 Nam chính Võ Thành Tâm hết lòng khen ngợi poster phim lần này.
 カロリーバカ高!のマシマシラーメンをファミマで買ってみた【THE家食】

___

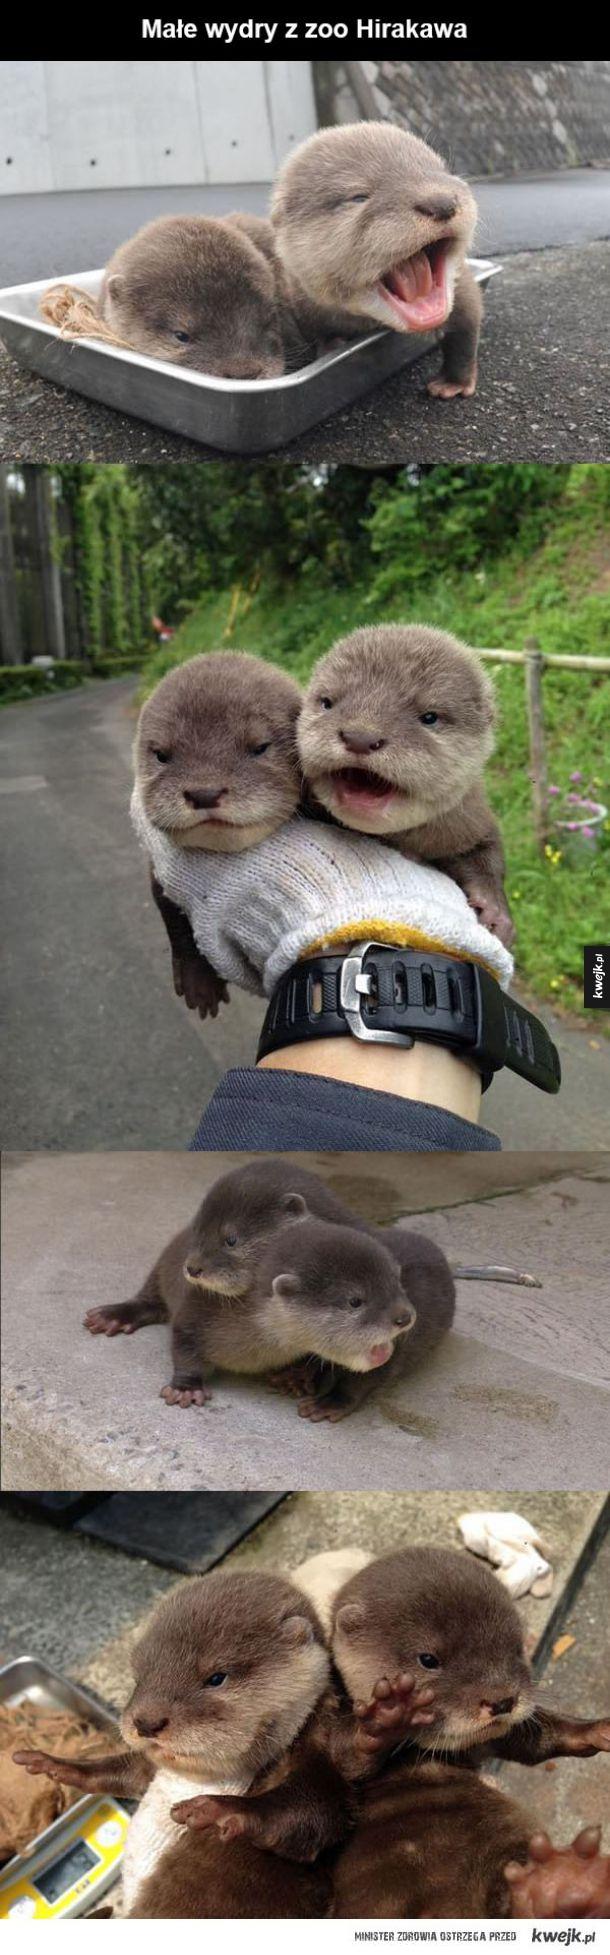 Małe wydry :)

___

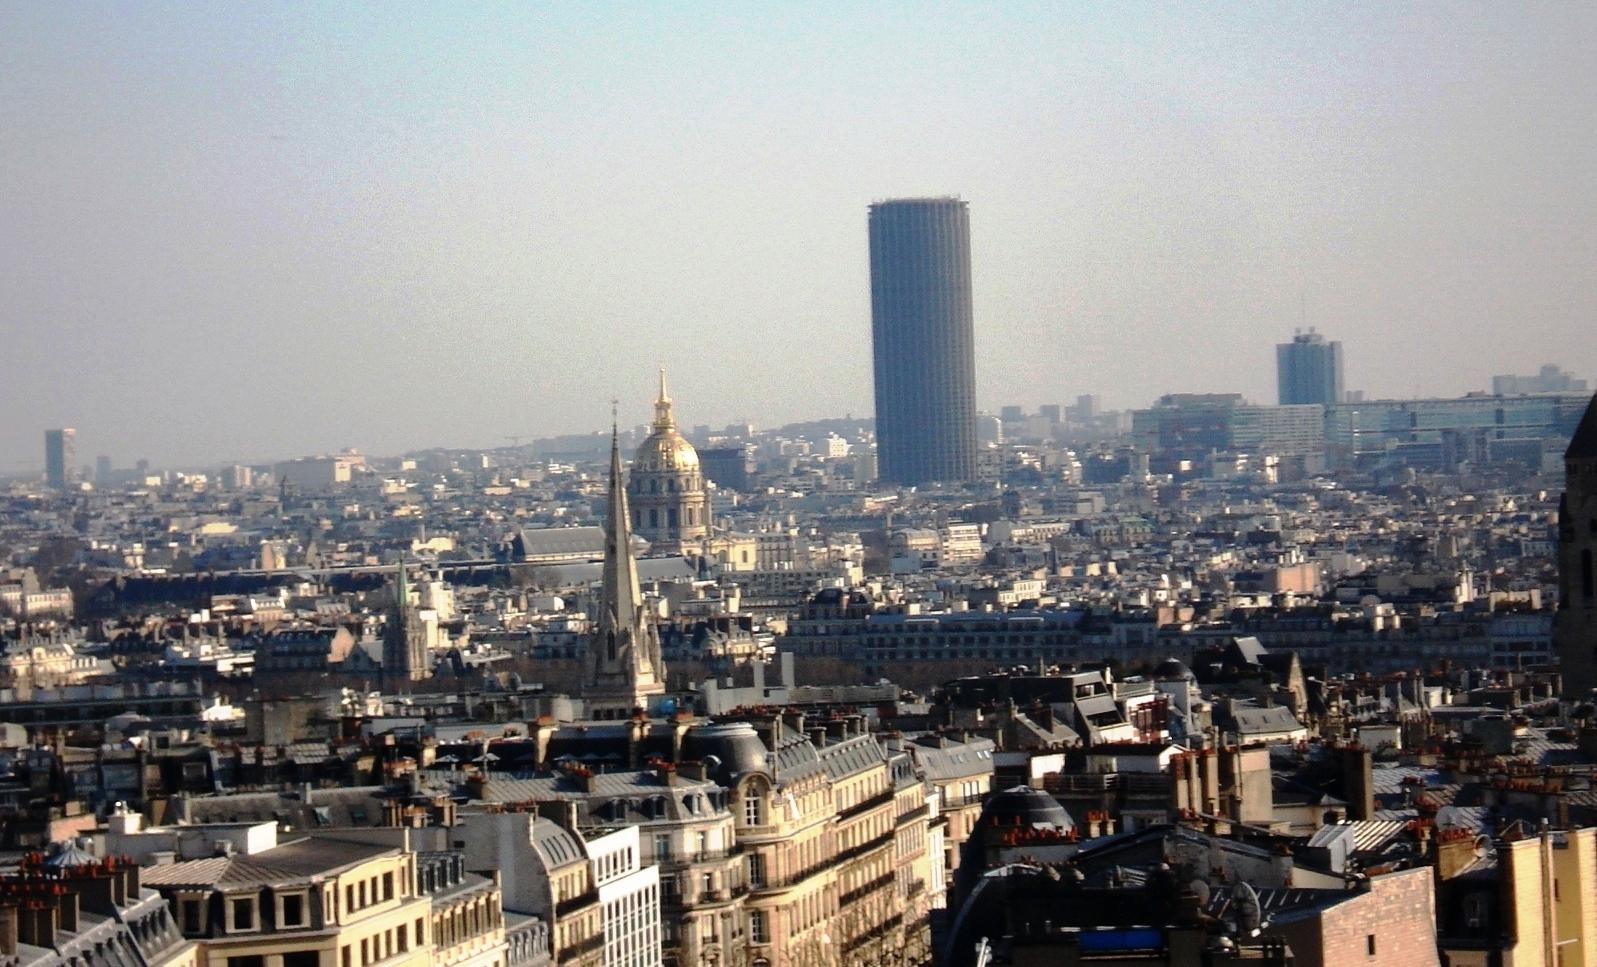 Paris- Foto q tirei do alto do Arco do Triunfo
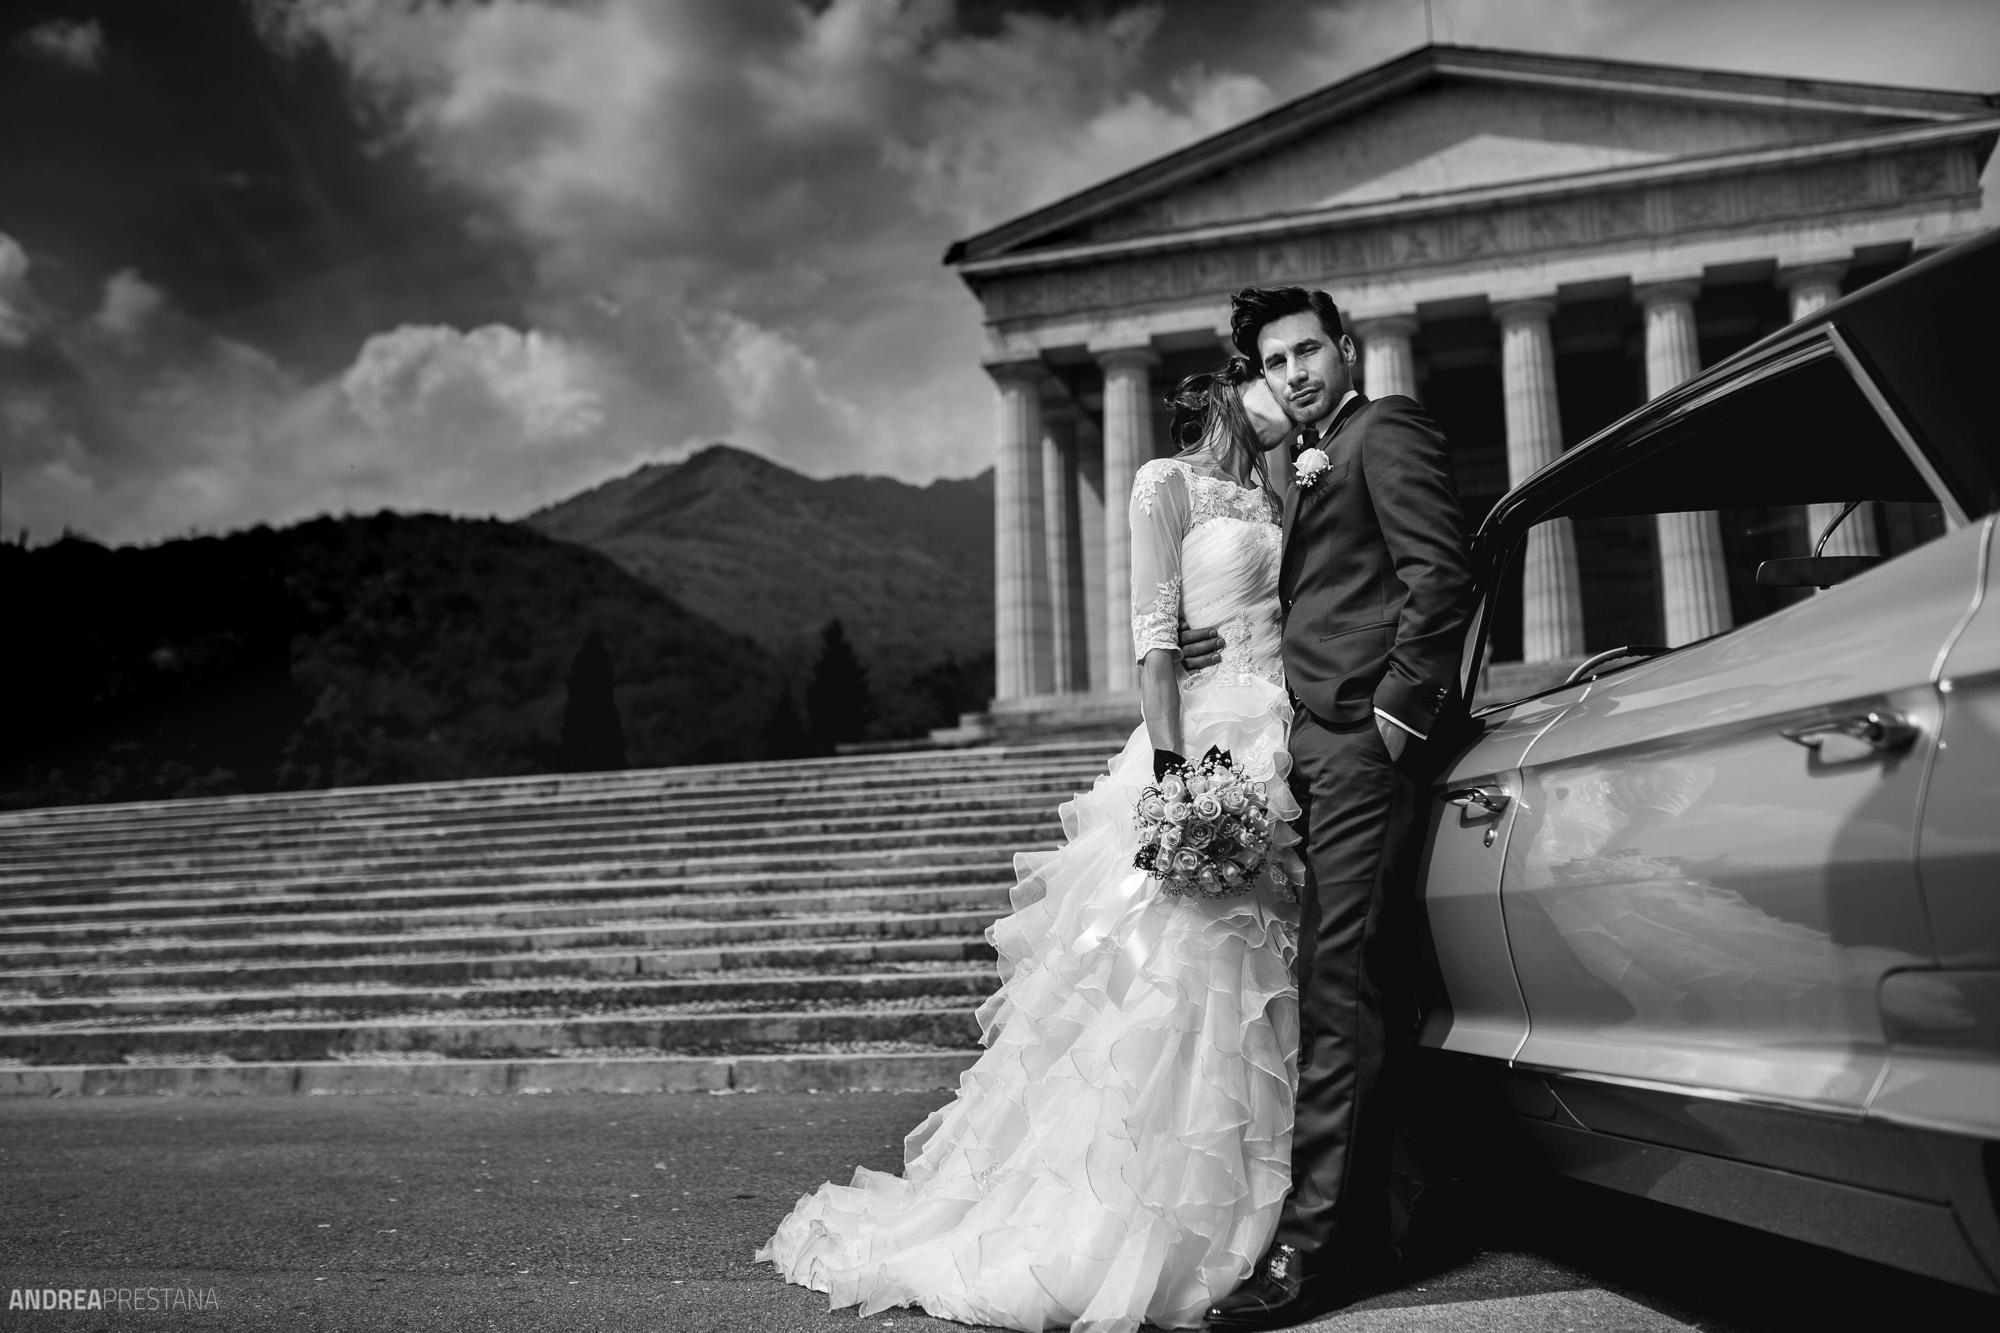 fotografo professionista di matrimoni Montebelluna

___

Both boundary lines included, write out word for word only the lines above from the one containing "Paris- Foto q" to the one containing "fotografo professionista di", leaving out any pictures.

## Solution to the exercise
 Paris- Foto q tirei do alto do Arco do Triunfo
 fotografo professionista di matrimoni Montebelluna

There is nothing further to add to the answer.